1. Linear regression

1.1 Linear regression(using SVD)

Algorithm $h(w) = Xw \\ Minimize \ L(w) ∝ ||y - h(w)||^2_2 \\ \hat w = (X'X)^{-1}X'y ≈ X^+y \\$
Time complexity: $O(nd^2 + d^3)$
Feature가 많은 경우 사용하기 어려움

1
2
3
4
5
6
7
8
9
10
11
12
import numpy as np
from sklearn.linear_model import LinearRegression

X = np.array([[1, 1], [1, 2], [2, 2], [2, 3]])
# y = 1 * x_0 + 2 * x_1 + 3
y = np.dot(X, np.array([1, 2])) + 3
reg = LinearRegression(n_jobs=-1).fit(X, y)

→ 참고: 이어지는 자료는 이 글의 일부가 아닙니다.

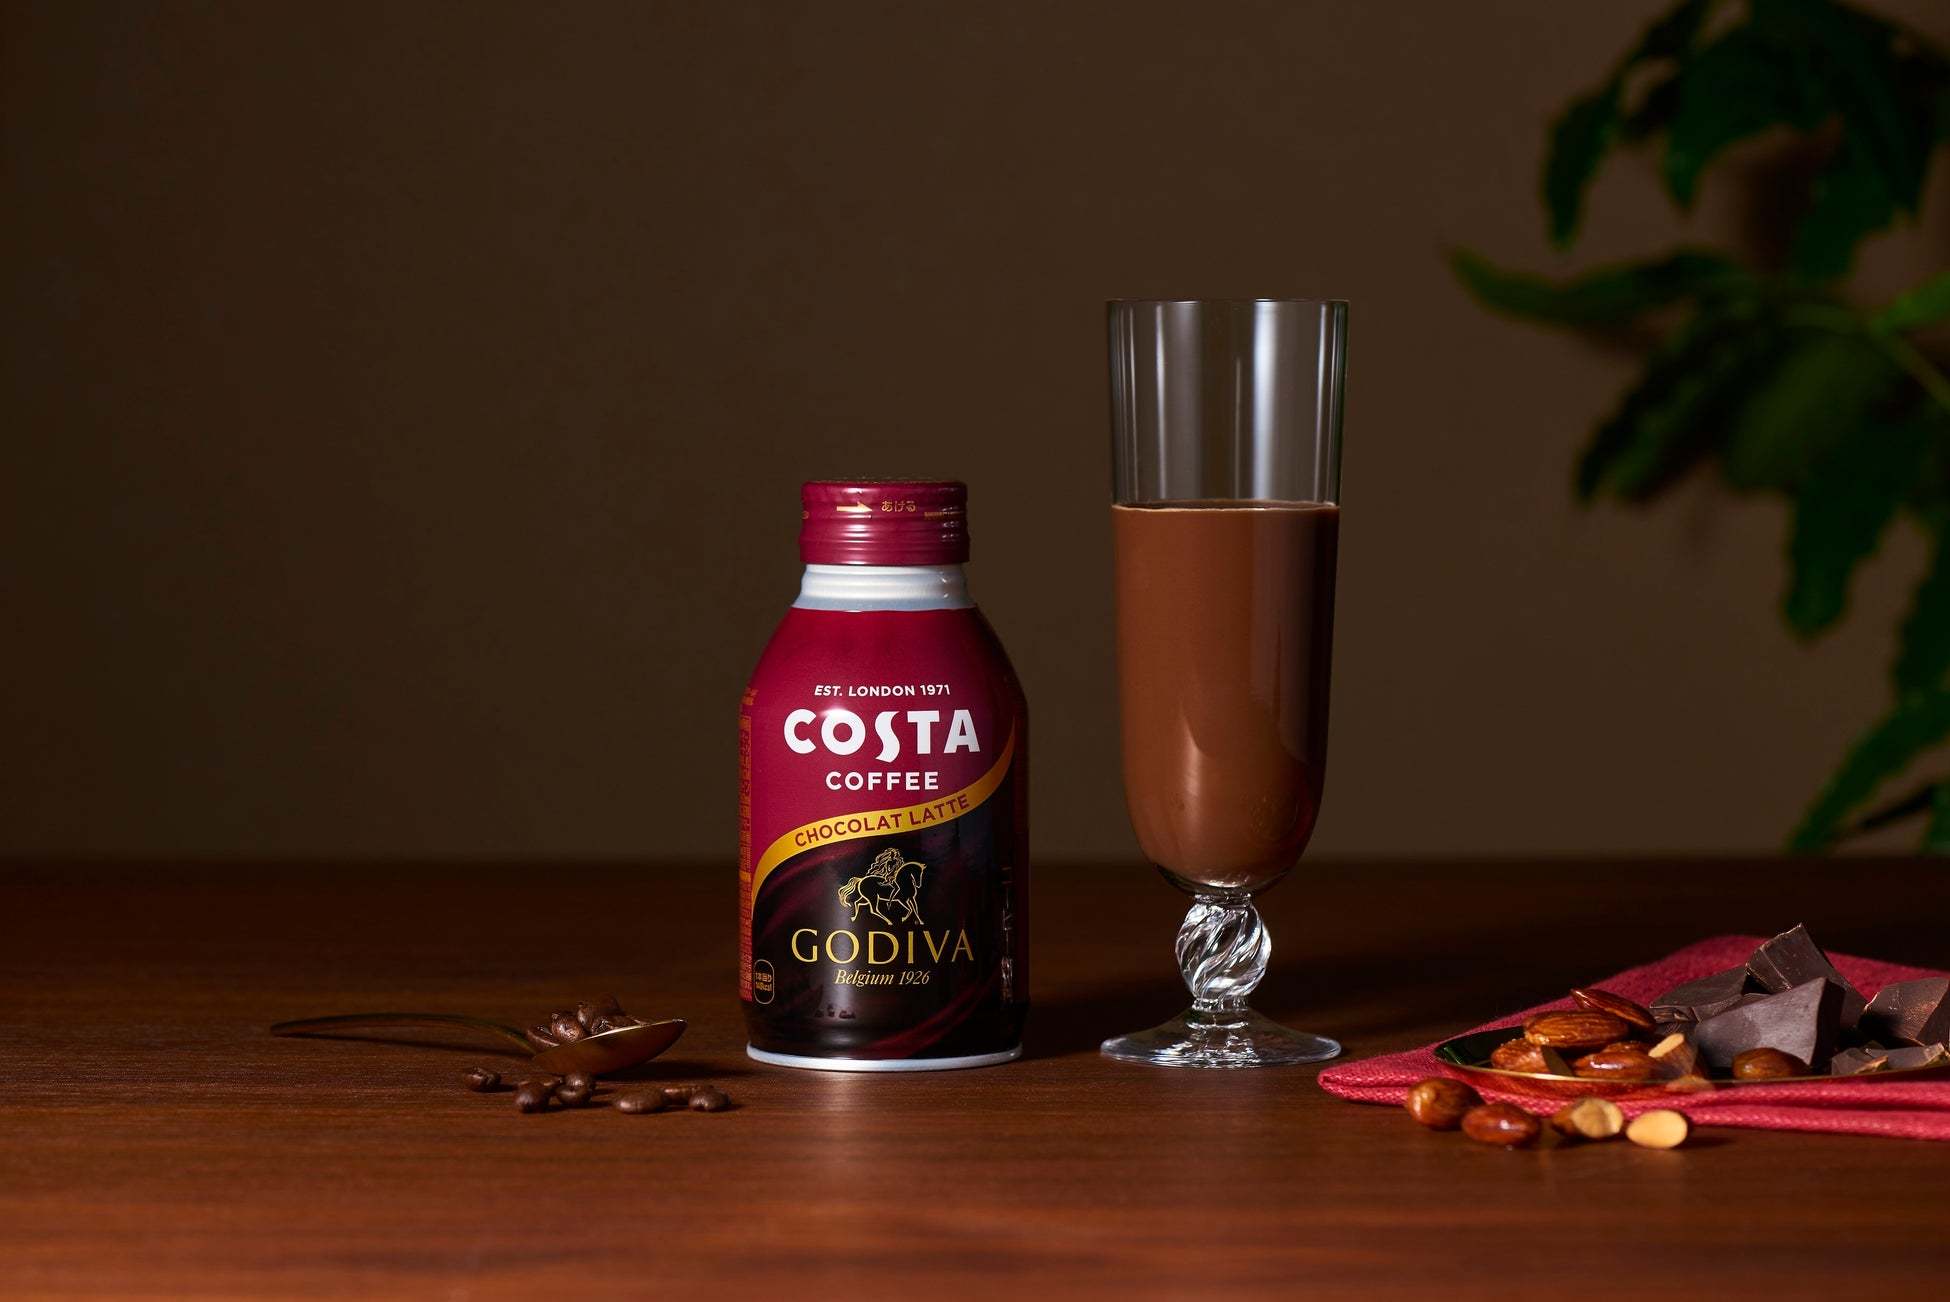 ヨーロッパ No.1のカフェブランド「コスタコーヒー」が「ゴディバ」と初コラボレーション「COSTA×GODIVAショコララテ」1月30日（月）から新発売

print(reg.score(X, y))  # 1.0
print(reg.coef_)        # array([1., 2.])
print(reg.intercept_)   # 3.0
print(reg.predict(np.array([[3, 5]])))  # array([16.])

1.2 Linear regression(using Gradient Descent)

Algorithm $h(w) = Xw \\ Minimize \ L(w) ∝ ||y - h(w)||^2_2 \\ w^{(k+1)} ← w^{(k)} - {\color{blue}{\text{eta0}}} \nabla_wL(w) \quad (\text{more complicated in implementation})\\$
Gradient 기반 최적화 알고리즘은 모두 feature의 scale에 영향을 큰 영향을 받기 때문에, scaling이 필수!
early stopping 사용 가능
$\color{blue}{\text{early_stopping=True}}$ (default=False)
($\color{blue}{\text{validation_fraction=0.1}}$: default validation size)
warm start 사용 가능
$\color{blue}{\text{warm_start=True}}$ (default=False)

1
2
3
4
5
6
7
8
9
10
11
12
import numpy as np
from sklearn.linear_model import SGDRegressor
from sklearn.pipeline import make_pipeline
from sklearn.preprocessing import StandardScaler

n_samples, n_features = 10, 5
X = np.random.randn(n_samples, n_features)
y = np.random.randn(n_samples)

# Always scale the input. The most convenient way is to use a pipeline.
reg = make_pipeline(StandardScaler(), SGDRegressor(max_iter=1000, eta0=0.01))
reg.fit(X, y)

1.3 Ridge regression(using cholesky decomposition)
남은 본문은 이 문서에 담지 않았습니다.